YOUR GOAL> Look for the line with "NYX Professional Makeup" in the data below, then reproduce word for word that line and every line after it. Leave out all pictures and add nothing.

╭─ DATA SHOWN

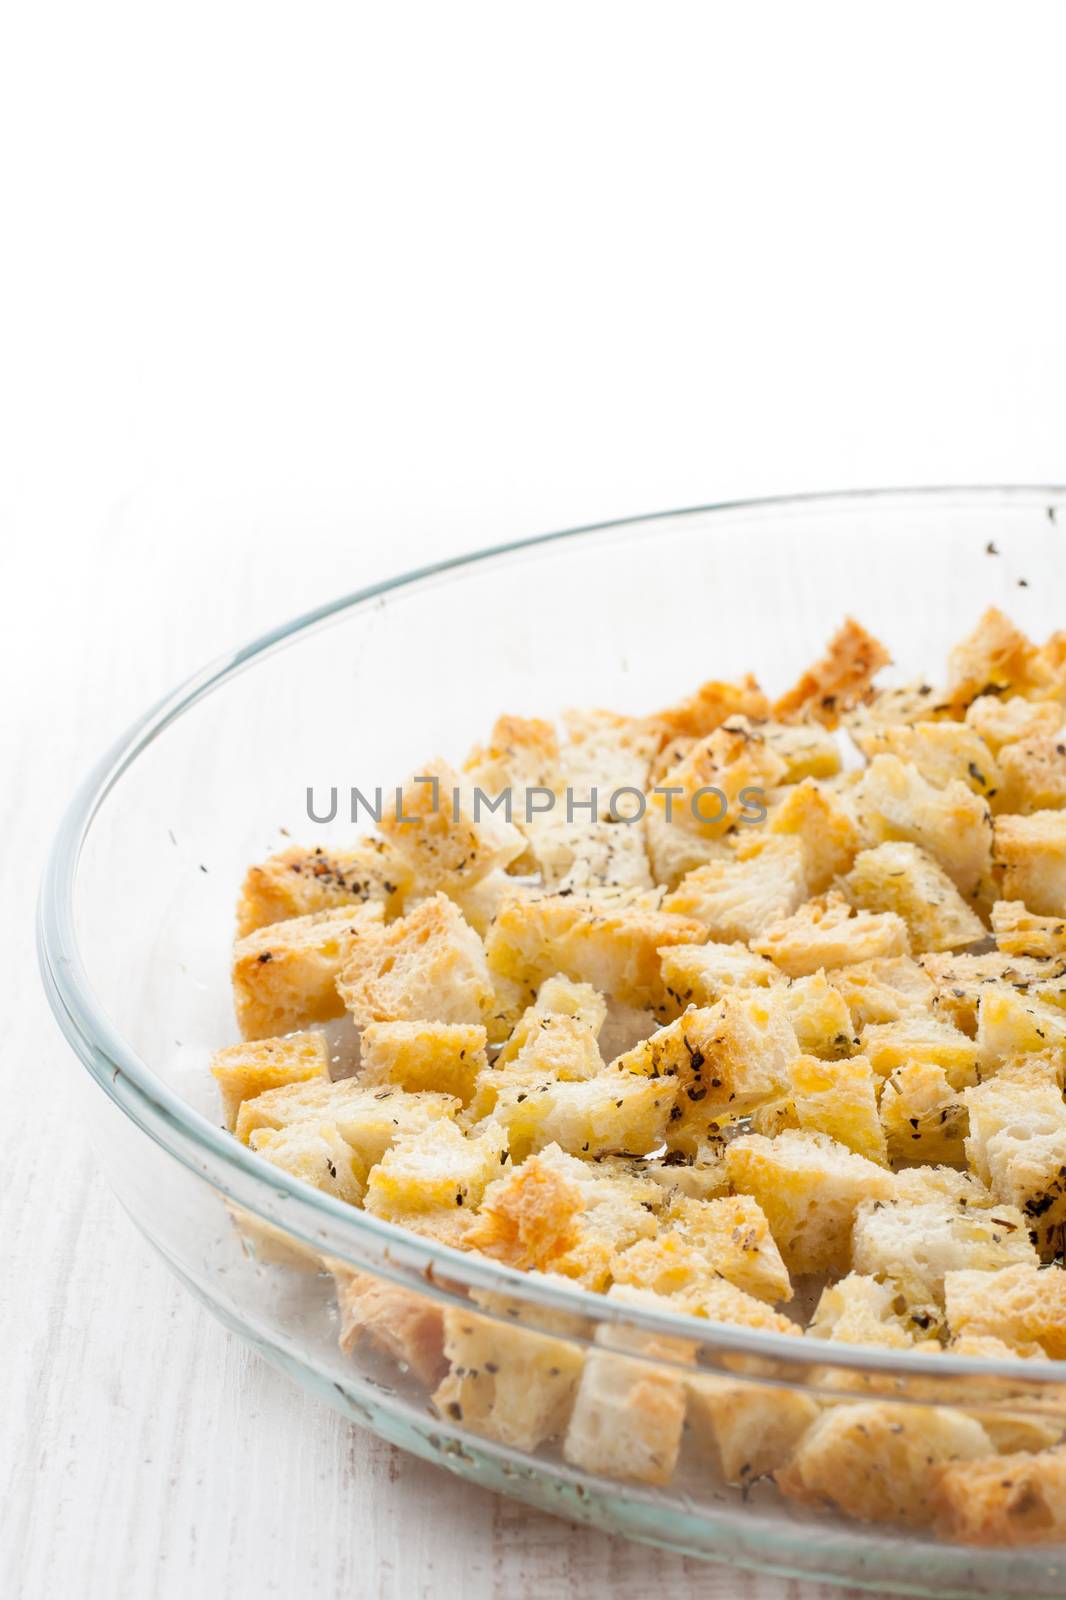 Small croutons with pepper  on the glass  dish at  the right of the table
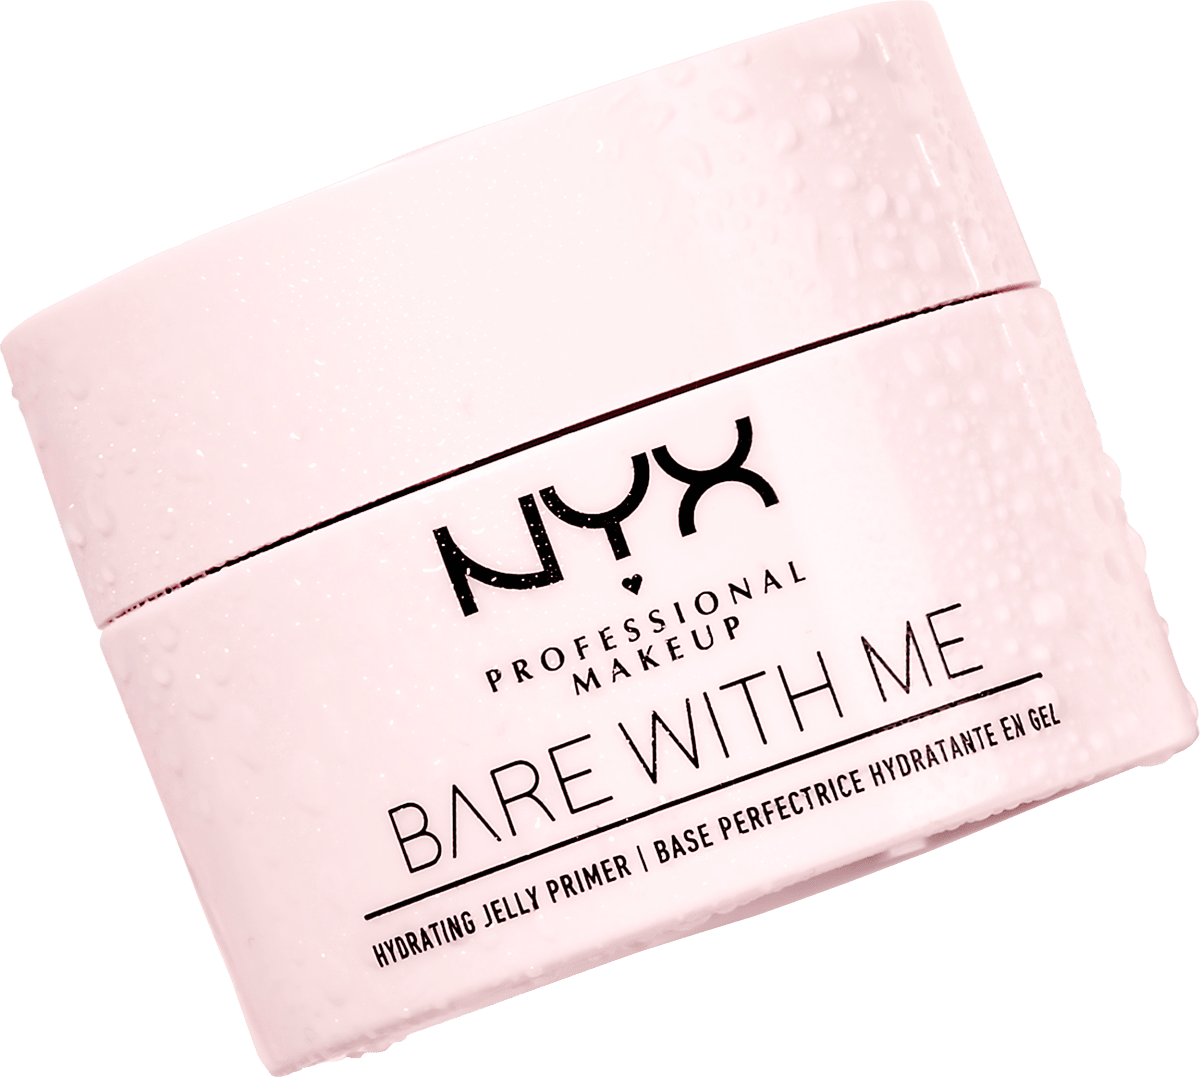 NYX Professional Makeup • Bare With Me Hydrating Jelly Primer •
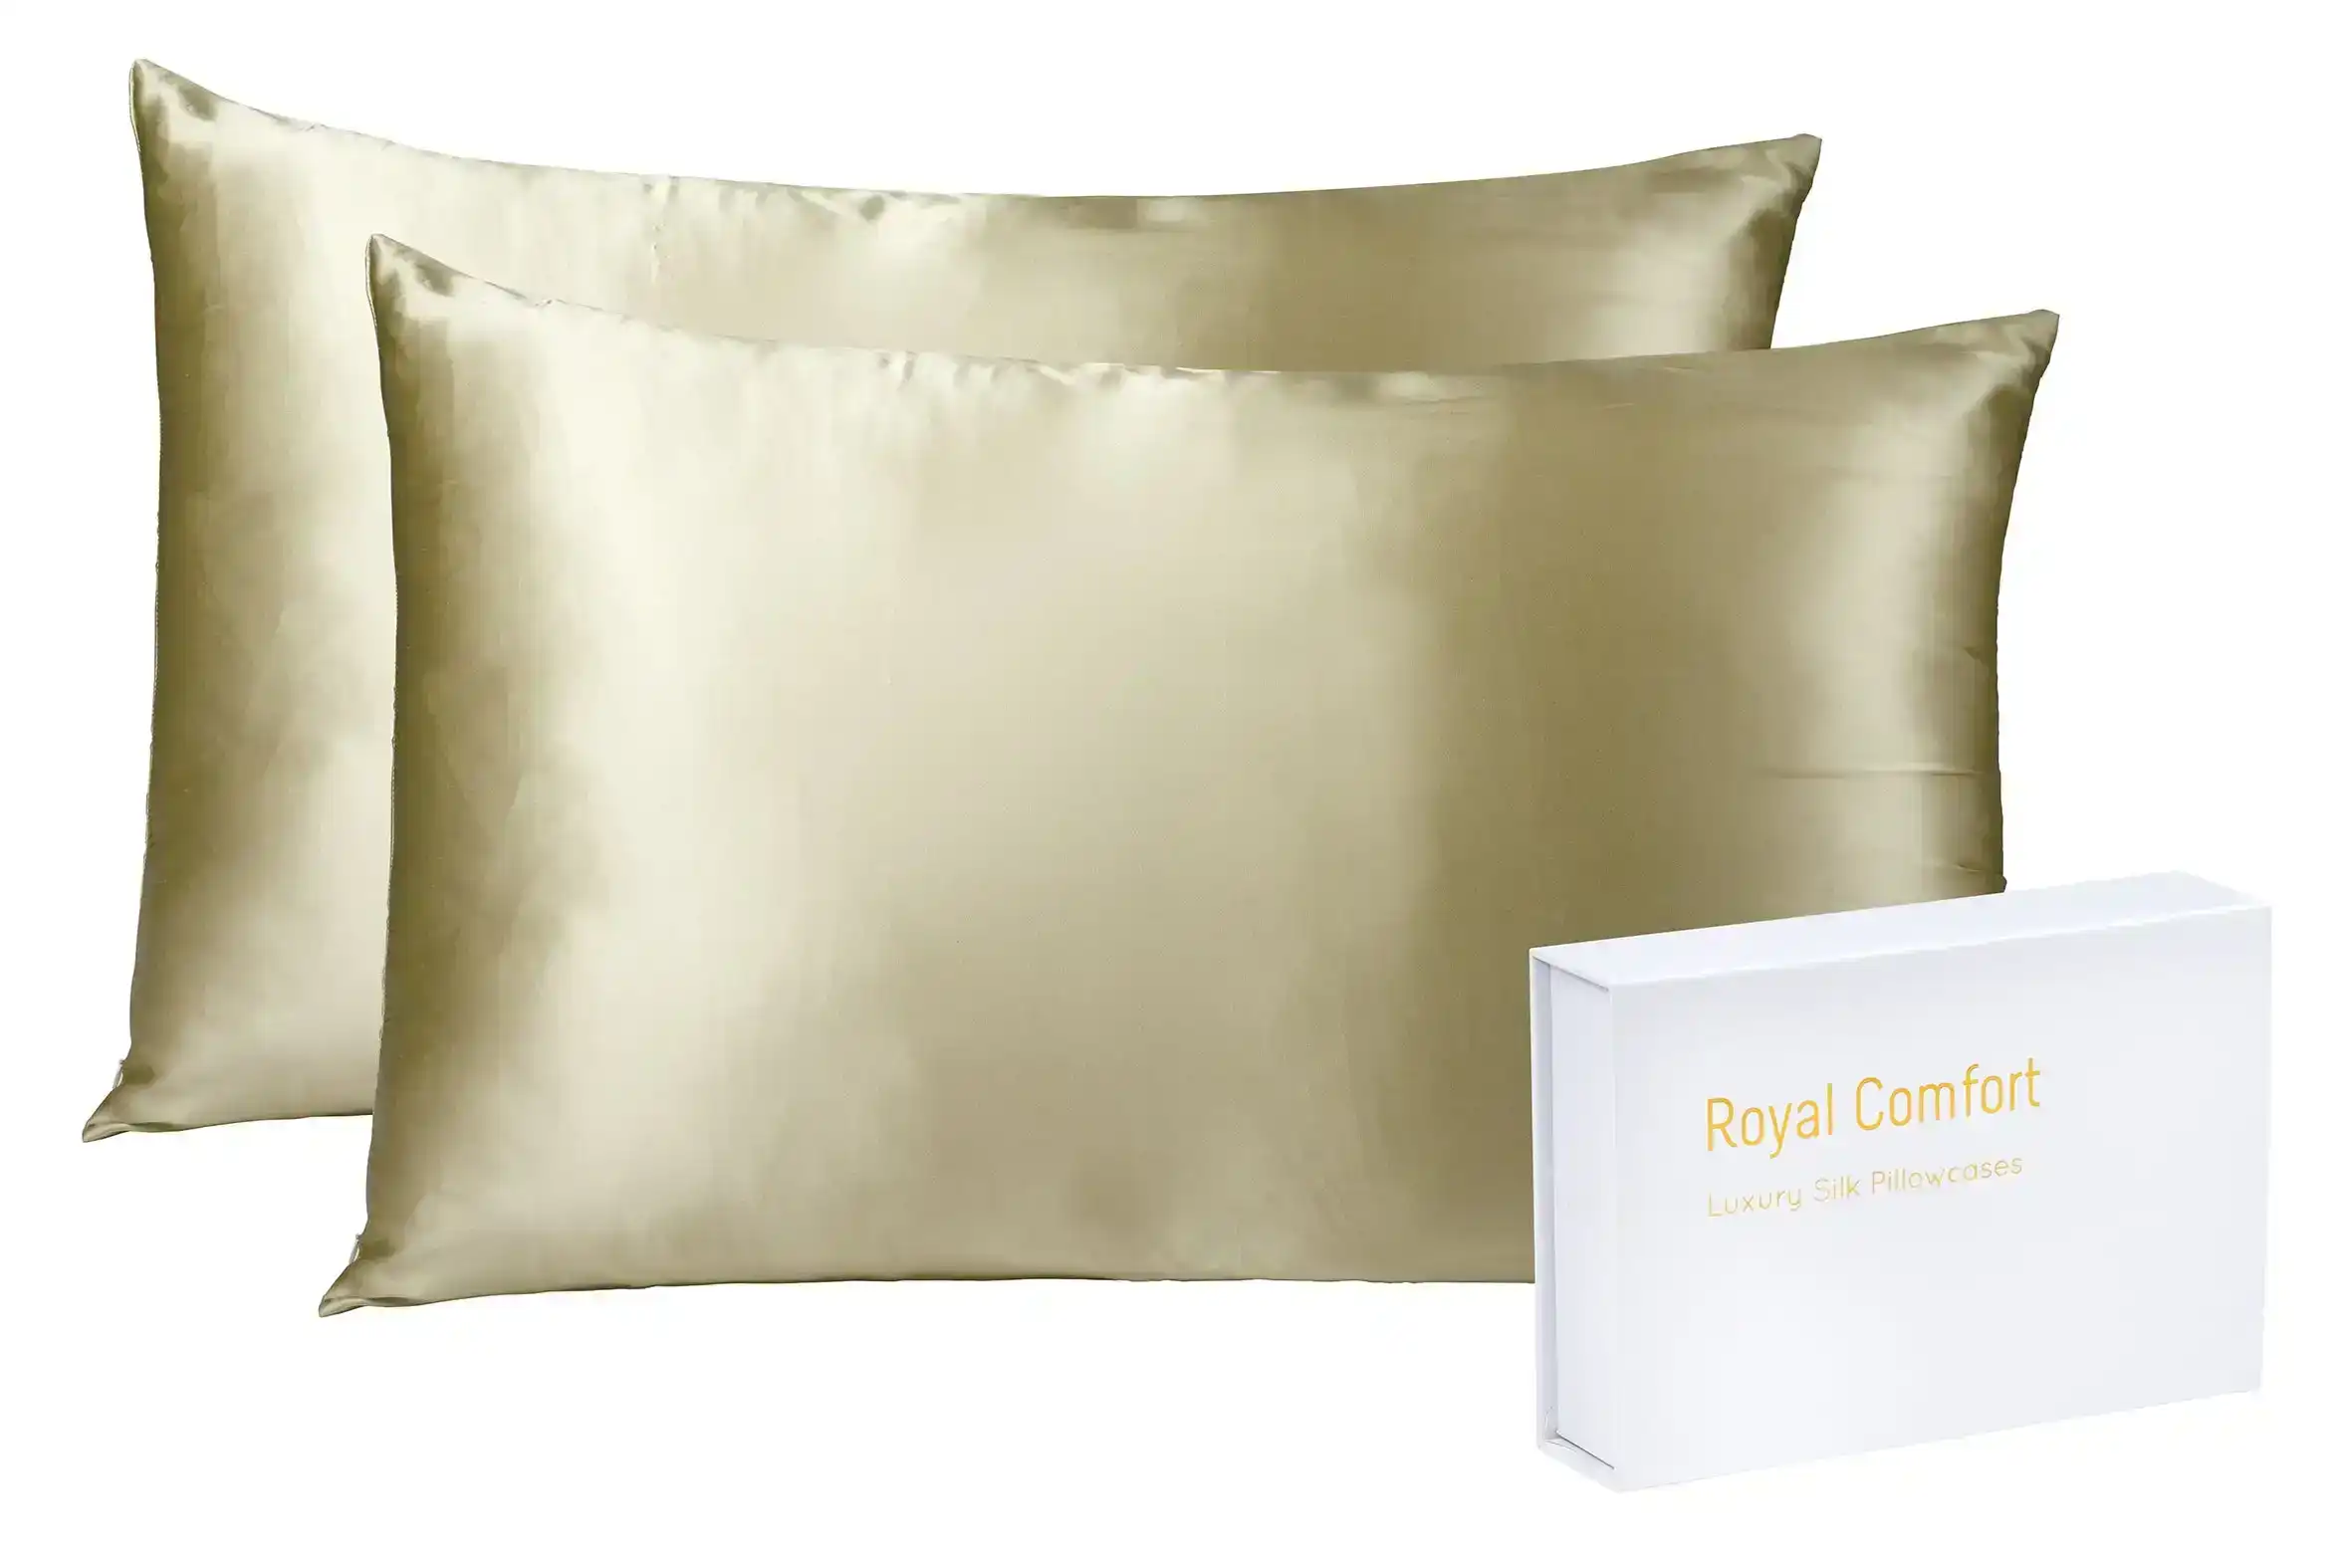 Royal Comfort Mulberry Soft Silk Hypoallergenic Pillowcase Twin Pack 51 X 76Cm - Champagne - One Size

╰─

RESULT FOR THIS EXERCISE>
 NYX Professional Makeup • Bare With Me Hydrating Jelly Primer •
 Royal Comfort Mulberry Soft Silk Hypoallergenic Pillowcase Twin Pack 51 X 76Cm - Champagne - One Size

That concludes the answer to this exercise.